Me: When are the SRT-4s coming in?
Guy: July or August.
Me: July? What?
Guy: Yeah, July. We've been getting a lot of interest now though.

I bet. Maybe because they already have them in California & Florida.

Grrr. Canada gets screwed again. Months after they're available nation wide in the States and with less power.

In good news though, I took a Spec-V salesman out for a scare tonight. Damn, that car's too much fun. Nice neutral balance through a tight 270 degree interchange. The salesman started on the passenger side in the back and finished up on my side of the car. It was a good car buying experience though:

Me: Hi, I'm interested in the Spec-V.
Him: Allright, I'll go grab some keys & a plate. Let's go.

WTF? I could have been some nut job. Oh, wait, after that loop, he probably thought I was.

Anyway, if you got this far, thanks for reading my incoherent rant for the night.


----------



## Psch91 (May 18, 2002)

Yeah, Ive already seen a Yellow one and a Silver one on the streers, those things are fast man. The Silver one just took off. They look nice as hell, I love their front. Sucks to be in Canada, huh, sorry man. You wouldnt want a WRX?


----------



## Dwntyme (Dec 18, 2002)

a whole truck load of SRT-4's showed up here in Clarksville, TN
yesterday,,,one Black one and 5 yellow ones. personally I don't like the looks of them...


----------



## Felonious Cat Stalker (May 1, 2002)

I like the price of the SRT-4, plus I've become disillusioned buy Subaru. In this town, there's too many fan boys driving WRXs, thinking they're the shit with their 227 hp AWD beast then come out to a winter Auto-X and get owned by my shitty B13 with half the power and 2 fewer driven wheels. I'm just not impressed. I know it's a good car in the right hands, but I don't want to be associated with that.

I know SRTs are ugly, but I can live with that when the car has all that power, costs a little more than the Spec-V and owns in Auto-X.

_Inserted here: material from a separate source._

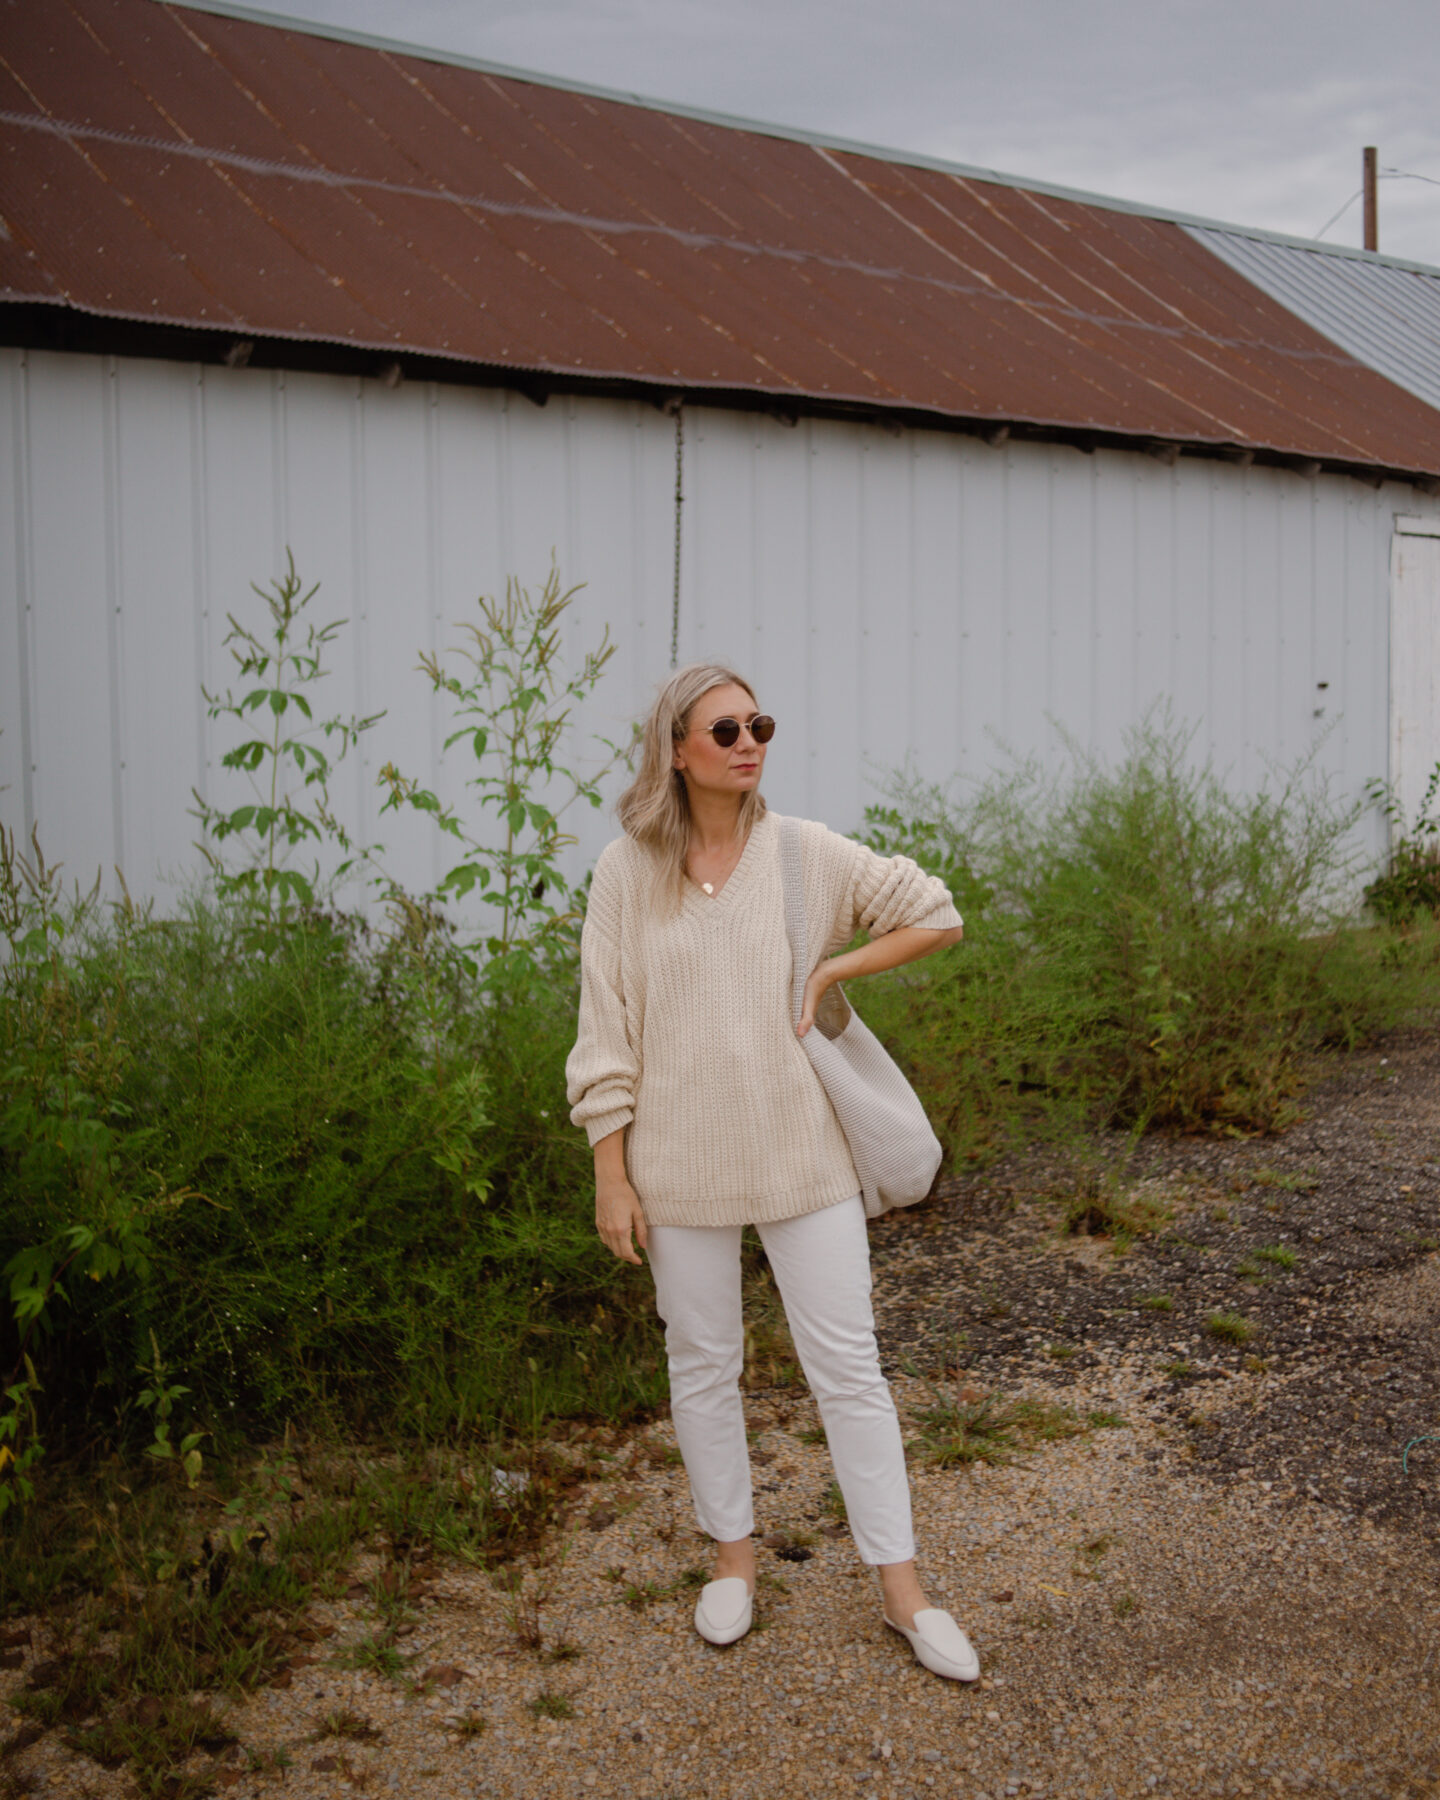 Karin Emily wearing Jenni Kayne Cotton Cabin Sweater and white everlane 90's cheeky jeans and white mules

And, for those who are reaching for the BS button to respond to my comment about owning WRXs in snow with a B13, I can back it up.


----------



## krylonkoopaa (Sep 13, 2002)

dang stay nissan bs button i can smell it through my monitor ...J/K
oh i bet that gives your ego a boost owning a wrx in a b13


----------



## Adam (Apr 30, 2002)

Where's my BS button? I can't find it 
The SRT-4 is underrated from factory anyway. If you get one you'll probably be putting down more that that to the wheels.


----------



## Ninety-Nine SE-L (May 5, 2002)

:bs:

Oops, typo...they should really try to relocate the BS button on these HP's 

I don't mind the Suburu's too much, I just think a Sunny or Pulsar GTi-R would kick it's ass to hell and back . If Nissan built an AWD turbo car here in the states, those Suburu wannabes would have a BIG surprise riding their asses.


----------



## himilefrontier (Jan 21, 2003)

Hell,if they just put the SR20VET in a FWD Sentra it would kill all the other compacts-if it got traction!Come to think of it,if Subaru and Mitsubishi could figure out a way to use their turbo engines here(and,ok, the 2.4ltr STI engine is US only)why doesn't Nissan?The Mitsubishi 4G63 has been around in various forms since the early 90's(like the SR20)so I don't think it is an issue of not wanting to use an older design.The QR25DE is an OK family sedan engine,but c'mon,it can't hold a candle to the competition from Dodge, Subaru, Mazda,Honda or Mitsubishi!They have a good engine already developed and need to seriously consider using it here!


----------